Five of the most notorious health foods that really aren’t are revealed below. Prepare to be shocked!
This “miracle food” seems to defy the laws of nutrition. A spray form of butter, free of calories and fat, just seems too good to be true. And it is.
While the label states that one serving (5 sprays) has zero calories and zero grams of fat, pumping 10 sprays (the equivalent of one teaspoonful of the product, and what is used by many consumers on just a couple of bites of food) has 1g of fat and 10 calories. By the time you finished the bottle, you consumed a grand total of 900 calories and 90 grams of fat. In other words, if you use a bottle per week, expect to gain about 13 pounds in a year.*
*Provided no other dietary changes are made and your activity level remains the same.

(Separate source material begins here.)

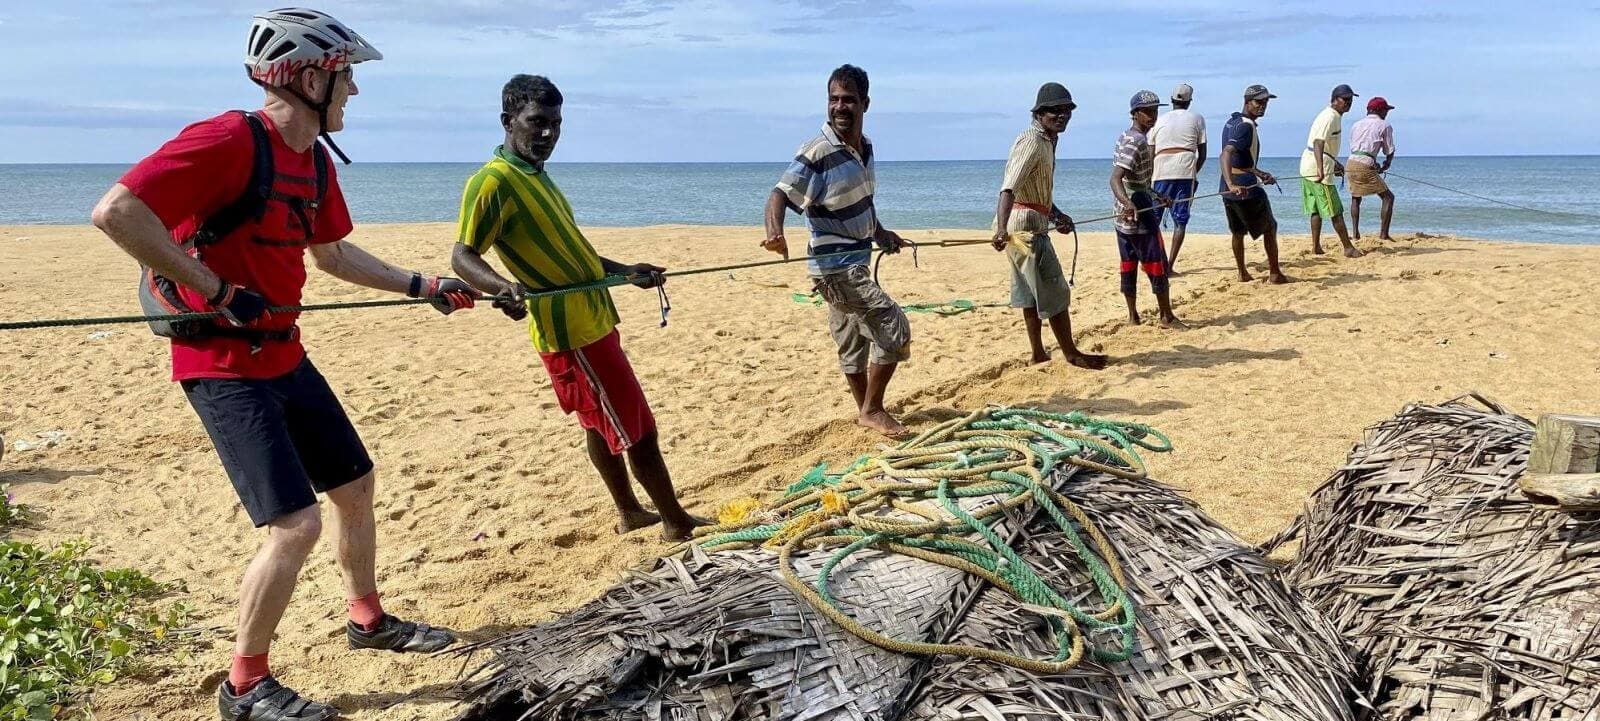 Фотография рыбалки сетью на пляже Тринкомали в Шри-Ланке.
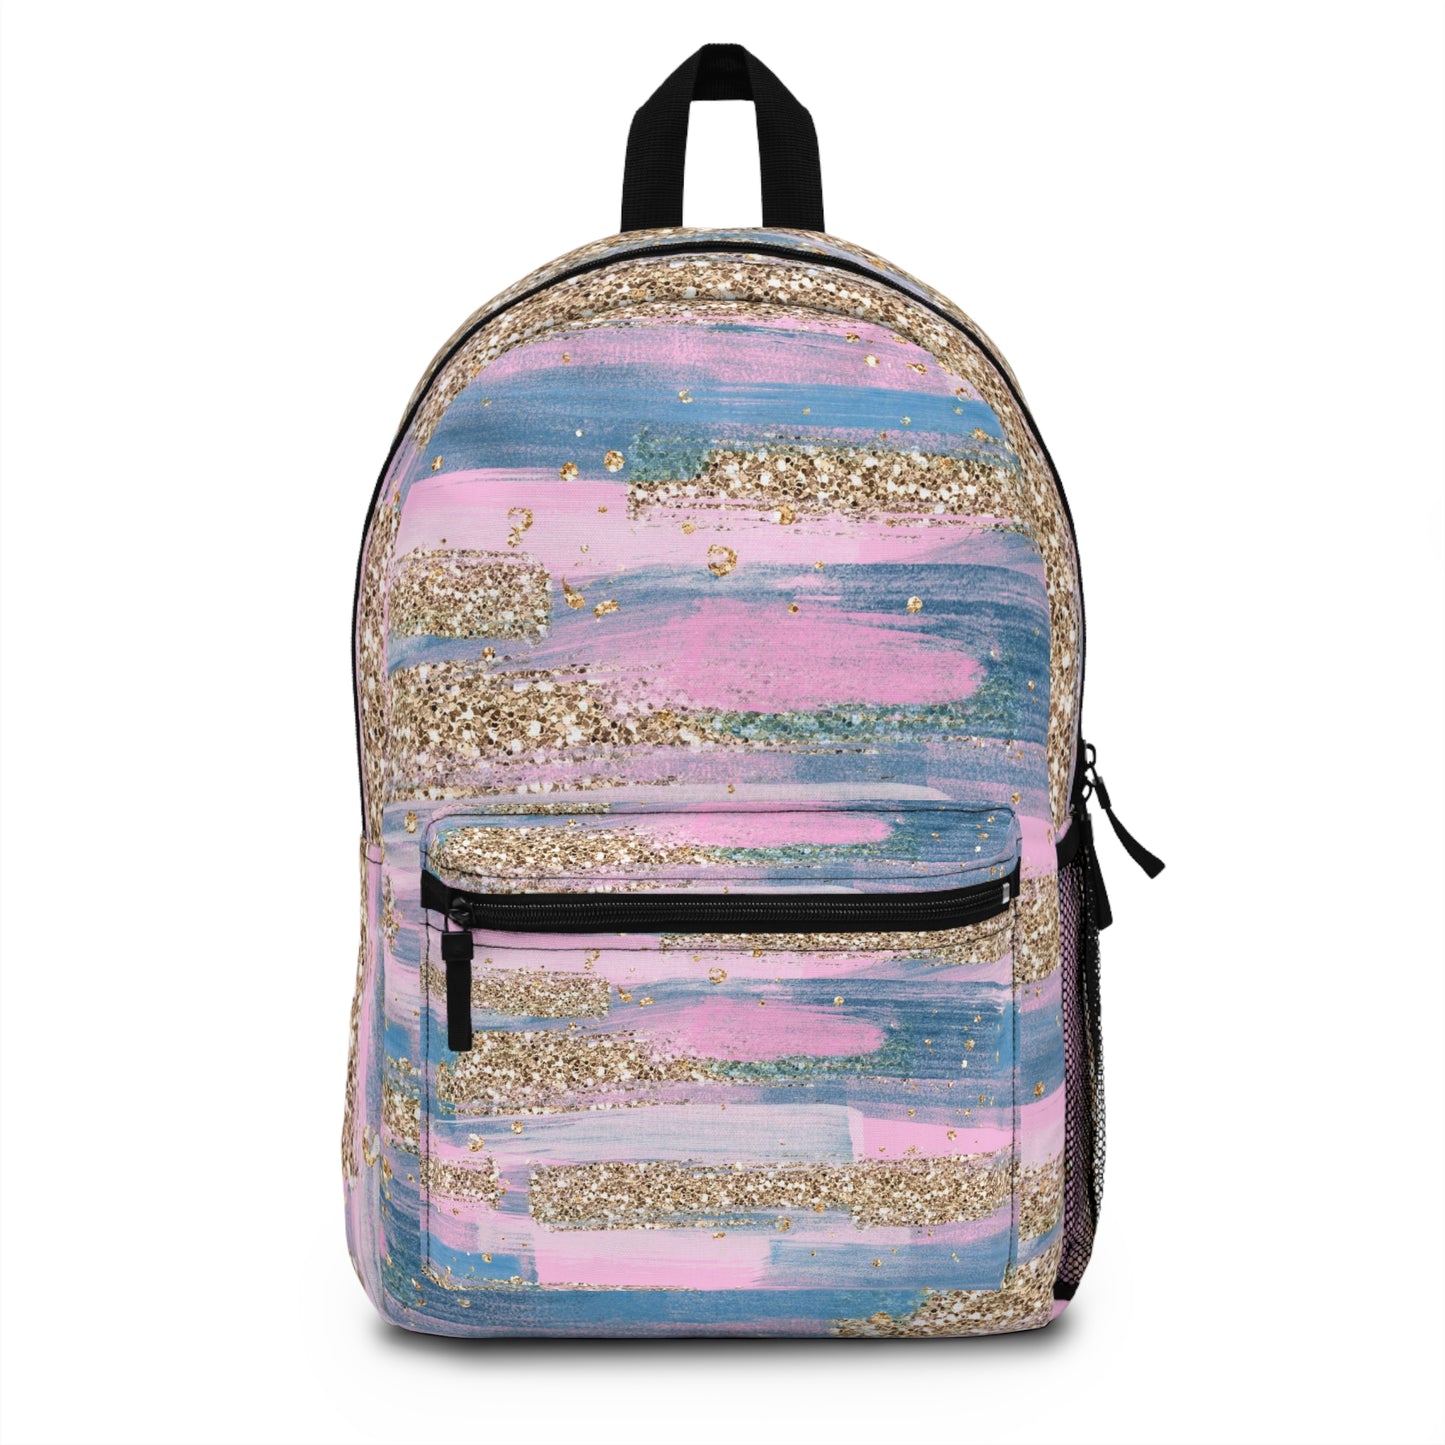 School Backpack For Girls, Kids Backpack, Cute Travel Waterproof Backpack, Lightweight School Bag

Simply put: vitamins and water. Do not judge this bottled drink by its label. One bottle of the popular “Dragonfruit” flavor has 32 grams of sugar. The label should read “vitamin water, 8 teaspoons of sugar.” To its credit, Dragonfruit vitamin water does have almost 250 mg of calcium (about a quarter of the U.S. recommended daily allowance). So, feel free to drink it for its nutritional value as long as you are prepared to burn off the calories by doing one of the following:
(Estimates based on energy expenditure of a 35-year-old woman, 5.74 ft tall, weighing 144 pounds.)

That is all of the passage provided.